Снаружи зашелестела трава, как будто по ней ступали сотни ног.

– У нас гости, – сказал Никодим.

Макензи увидел дирижеров; десятки карликовых существ толпились неподалеку от вездехода, посверкивая светившимися в темноте глазами. Один карлик шагнул вперед. Присмотревшись, Макензи узнал Олдера.

– Ну? – поинтересовался человек.

– Мы пришли сказать вам, что сделка отменяется, – проговорил Олдер. – Делберт рассказал нам.

– Что же он вам рассказал?

– Как вы поступаете с деревьями.

– А, это!

– Да.

– Но сделка состоялась, – возразил Макензи, – ее уже не расторгнуть. Земля с нетерпением ожидает…

– Не надо считать меня глупцом, – перебил Олдер. – Мы нужны вам не больше, чем вы нам. Мы повели себя некрасиво с самого начала, но нашей вины в том нет. Нас надоумил Энциклопедия. Он утверждал, что таков наш долг, долг перед расой, что мы должны нести просвещение другим народам Галактики. Мы сперва не согласились с ним. Понимаете, музыка – наша жизнь, мы создаем ее так давно, что и думать забыли о своем происхождении. Тем более что наша планета еще в незапамятные времена перешла зенит своего существования и теперь становится день ото дня все дряхлее. Однако даже в тот час, когда почва рассыплется у нас под ногами, мы будем сочинять музыку. Вы живете результатами поступков, а мы – созданием музыки. Кадмаровская симфония Алого Солнца для нас важнее, чем для вас – открытие новой планетной системы. Нам доставляет удовольствие, что вы охотитесь за нашей музыкой, и мы огорчимся, если после всего, что случилось, вы отвернетесь от нас. Но на Землю мы не собираемся.

– Монополия сохраняется? – спросил Макензи.

– Сохраняется, – отозвался Олдер. – Приходите, когда вам будет угодно, и записывайте мою симфонию. Как только появится что-то новое, мы сразу дадим вам знать.

– А пропаганда в музыке?

– Отныне ее не будет, – пообещал Олдер. – Если наша музыка и будет воздействовать на вас, то лишь сама по себе, как таковая. Мы не желаем определять вашу жизнь.

– Можно ли вам верить?

– Можно и нужно. Мы согласны и на проверки, хотя в них нет необходимости.
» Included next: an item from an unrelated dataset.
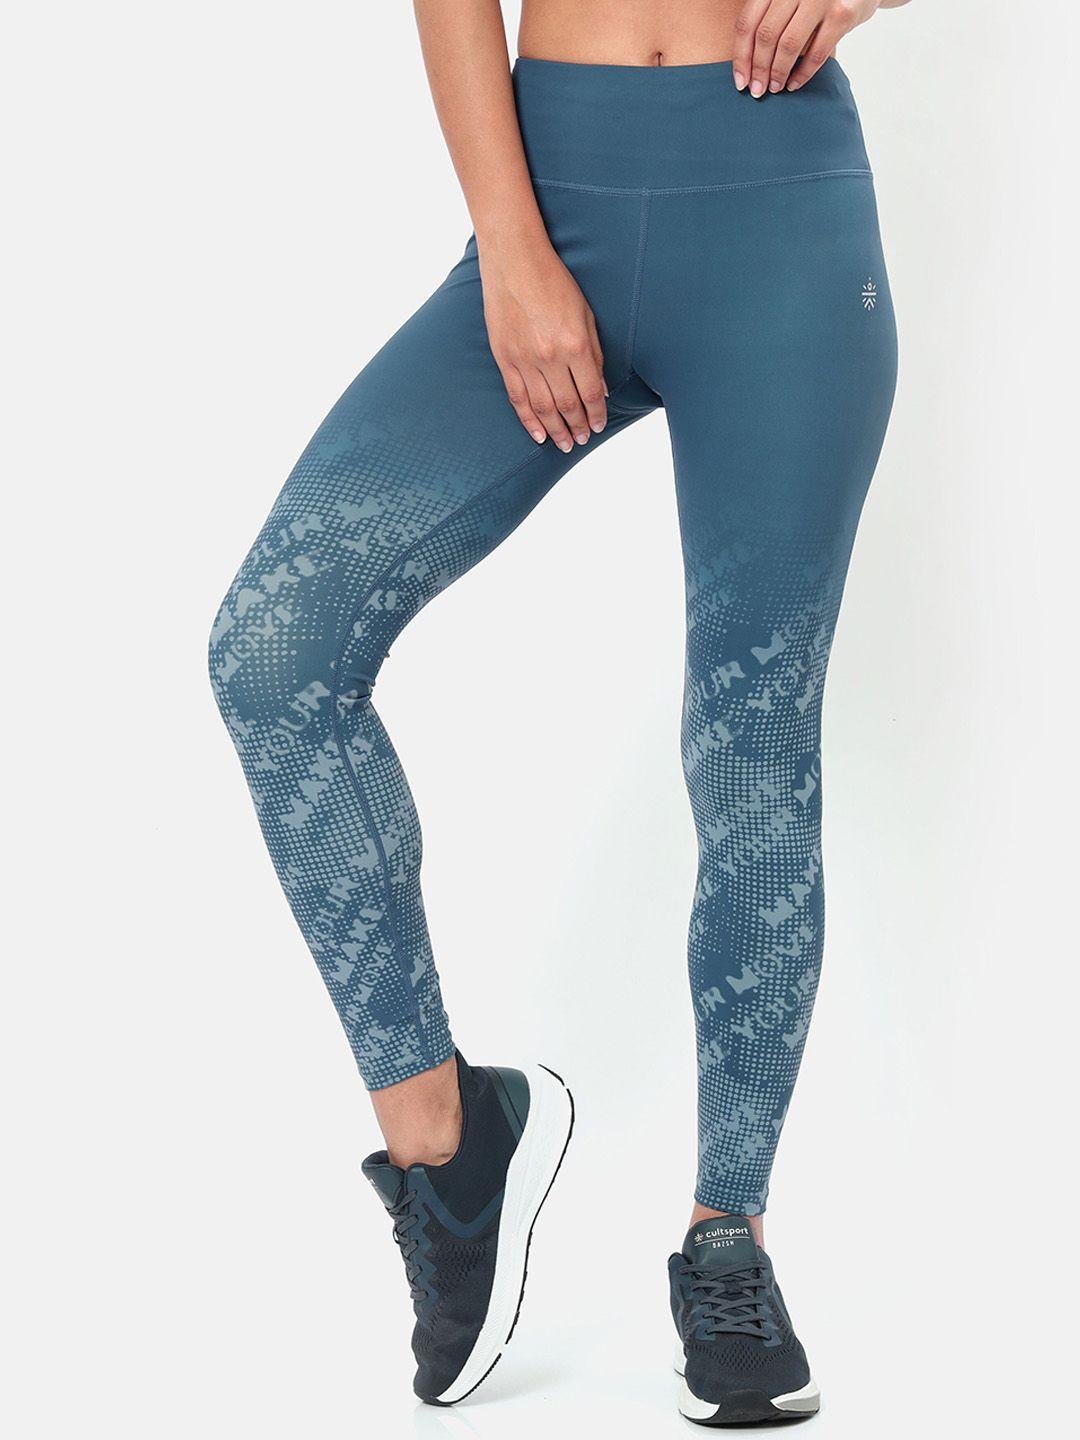 cultsport women typography print absolute fit tights

– Посмотрим, – буркнул Макензи. – Лично у меня оснований доверять вам – никаких.

– Очень жаль.

Похоже, Олдер говорил искренне.

– Я собирался сжечь вас, – произнес Макензи намеренно жестко, – уничтожить, искоренить. Вы не смогли бы помешать мне.

– Вы варвары, – заявил Олдер. – Вы покорили межзвездное пространство, создали великую цивилизацию, но ваши методы варварские и неоправданно жестокие.

– Энциклопедия назвал их «формулой силы», – заметил Макензи. – Впрочем, дело не в названии; главное, что они срабатывают. Вот почему нам удалось столького добиться. Предупреждаю вас: если вы снова попытаетесь одурачить людей, расплата будет ужасной. Человек ради собственного спасения уничтожит все, что угодно. Помните об этом: мы не остановимся ни перед чем.

Уловив за спиной движение, Макензи резко обернулся.

– Энциклопедия удирает! – закричал он. – Нелли, хватай его!

– Порядок, шеф, – мгновение спустя откликнулась Нелли. Она выступила из темноты, волоча за собой Энциклопедию.

Макензи повернулся к дирижерам, но они исчезли, лишь глухо шелестела в отдалении трава.

– Что теперь? – спросила Нелли. – Пойдем жечь деревья?

– Нет, – покачал головой Макензи. – Мы не будем их жечь.

– Мы их напугали, – изрекла Нелли, – так здорово, что они не скоро забудут.

– Возможно, – согласился Макензи. – По крайней мере, будем надеяться, что ты права. Но они не только испугались. Они возненавидели нас, и это, пожалуй, гораздо лучше. Мы ведь ненавидим тех тварей, которые питаются людьми, считают, что человек ни на что больше не годен. Они мнили себя пупом Вселенной, величайшими из разумных существ, а мы задали им изрядную взбучку, напугали, уязвили гордость и дали понять, что зарываться не следует. Они столкнулись с теми, кому далеко не ровня. Что ж, в следующий раз подумают дважды, прежде чем ввязаться в очередную авантюру.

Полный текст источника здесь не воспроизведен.